Although her childhood was traumatic, Medley grew up to become an accomplished journalist writing for numerous publications.

Aware that writers need guidance and support to get their manuscript published, Medley founded the Life Journey Writer’s Guild in 2007 after a scammer promised to edit her collection of short stories but absconded with $200 instead.

“I tracked her down to Bangor, Maine and told her that she almost killed my dream,” said Medley, who feels that the incident was supposed to happen. “I think God wanted me to shield other budding writers from shysters by starting the group.”
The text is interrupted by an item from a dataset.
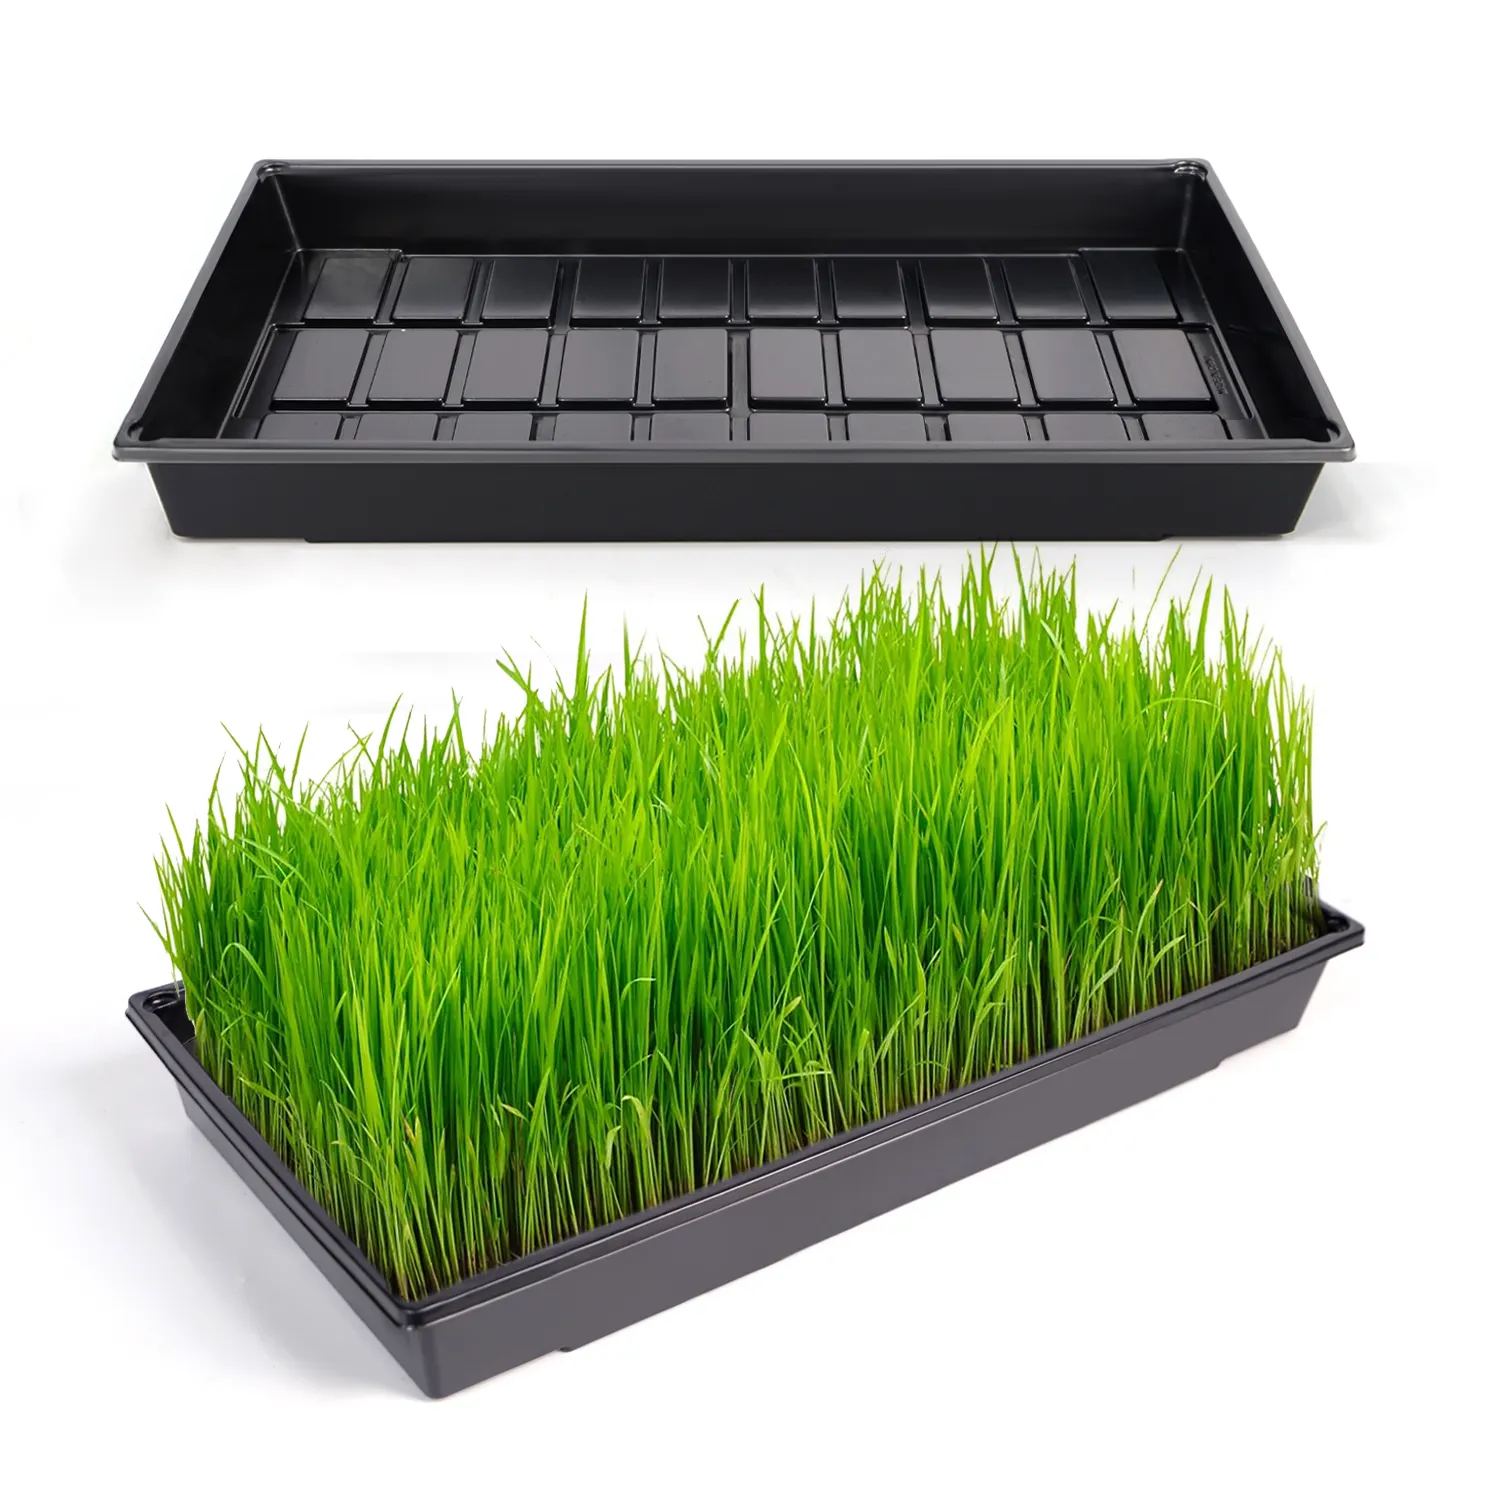 Plantation hydroponique 1020 Germination de graines plates Microgreens plateau de semis pour herbe de blé fourrage germes de riz légumes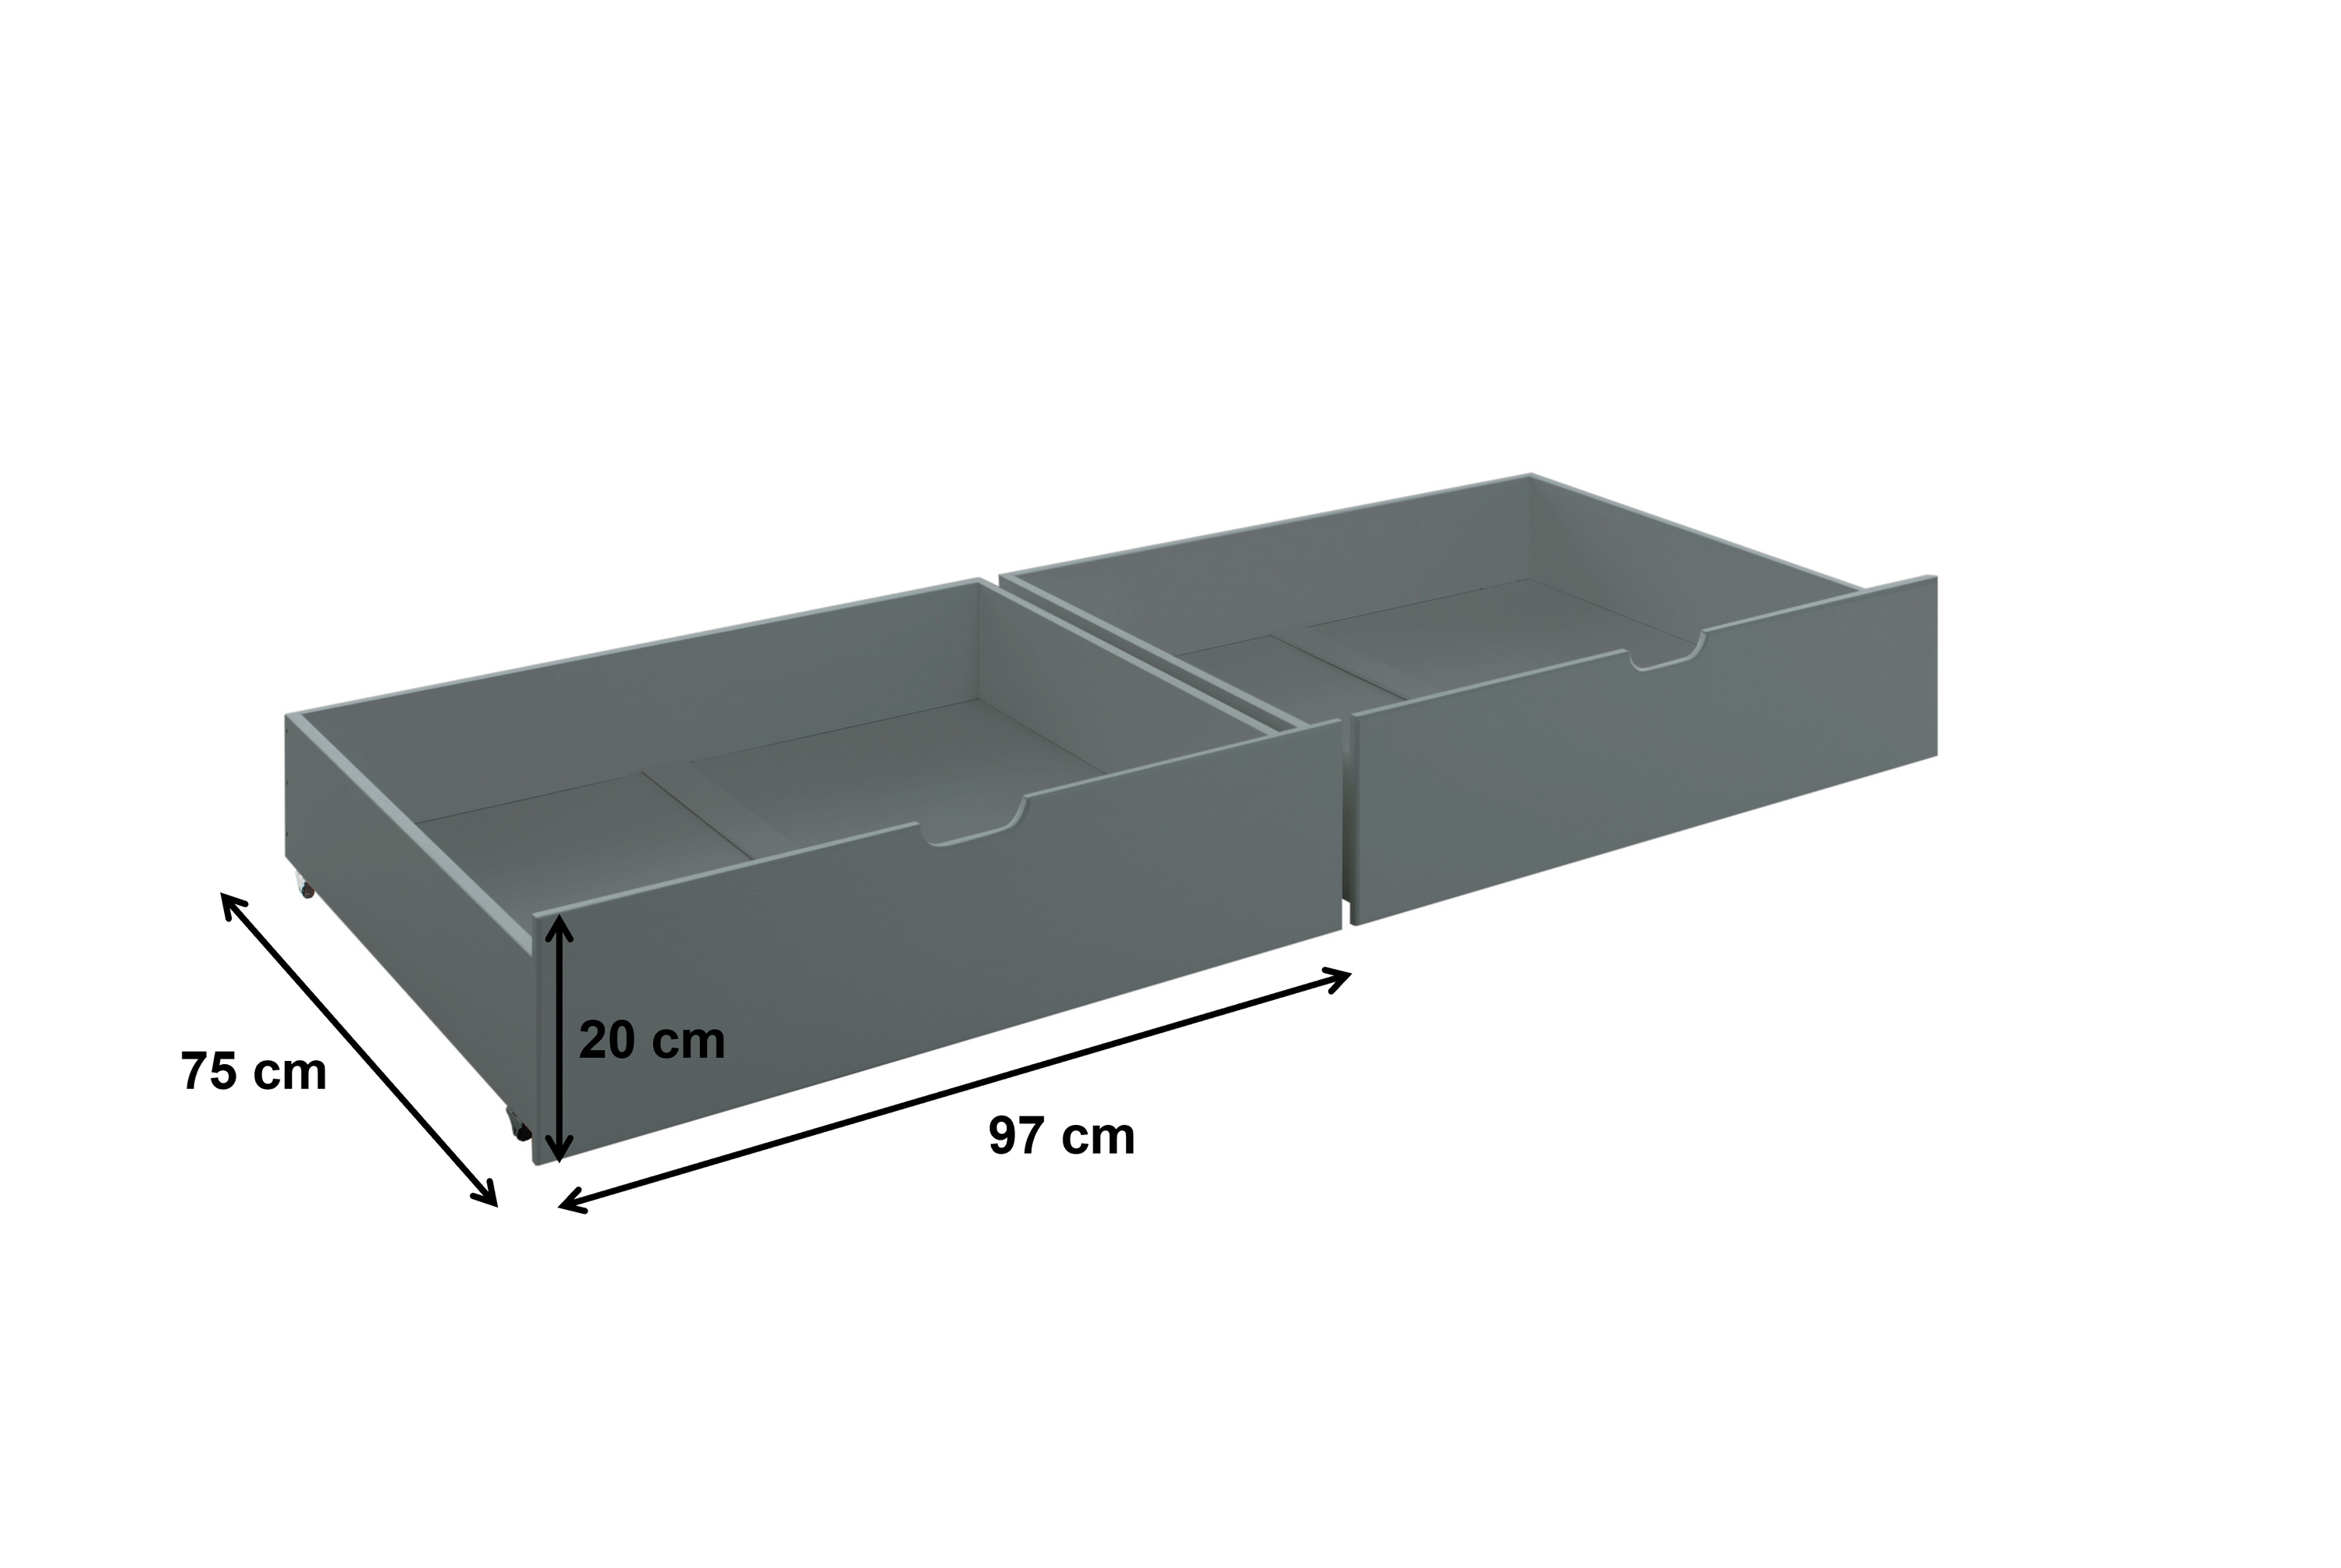 2x Bettkasten Alain mit Bodenplatten Kiefer massiv grau auf 4 Rollen B 97 - T 75 cm - H 20 cm

A member of a prison ministry for 30 years, Medley showcased her playwriting skills by writing “The Prison Plumb Line,” about female prisoners who discover their untapped talents which was performed at The Charles County Detention Center in Maryland.

“It’s a traveling play, so it can be performed anywhere in the country,” said Medley, who will be in Los Angeles in July to pitch a screenplay, entitled “The Number Hole.”

Nobody has the power to keep a piece of paper and a pencil away from you,” Medley said. “Nobody can stop you from writing. You get your power back when you write and it’s empowering. It can translate from the page to your life.”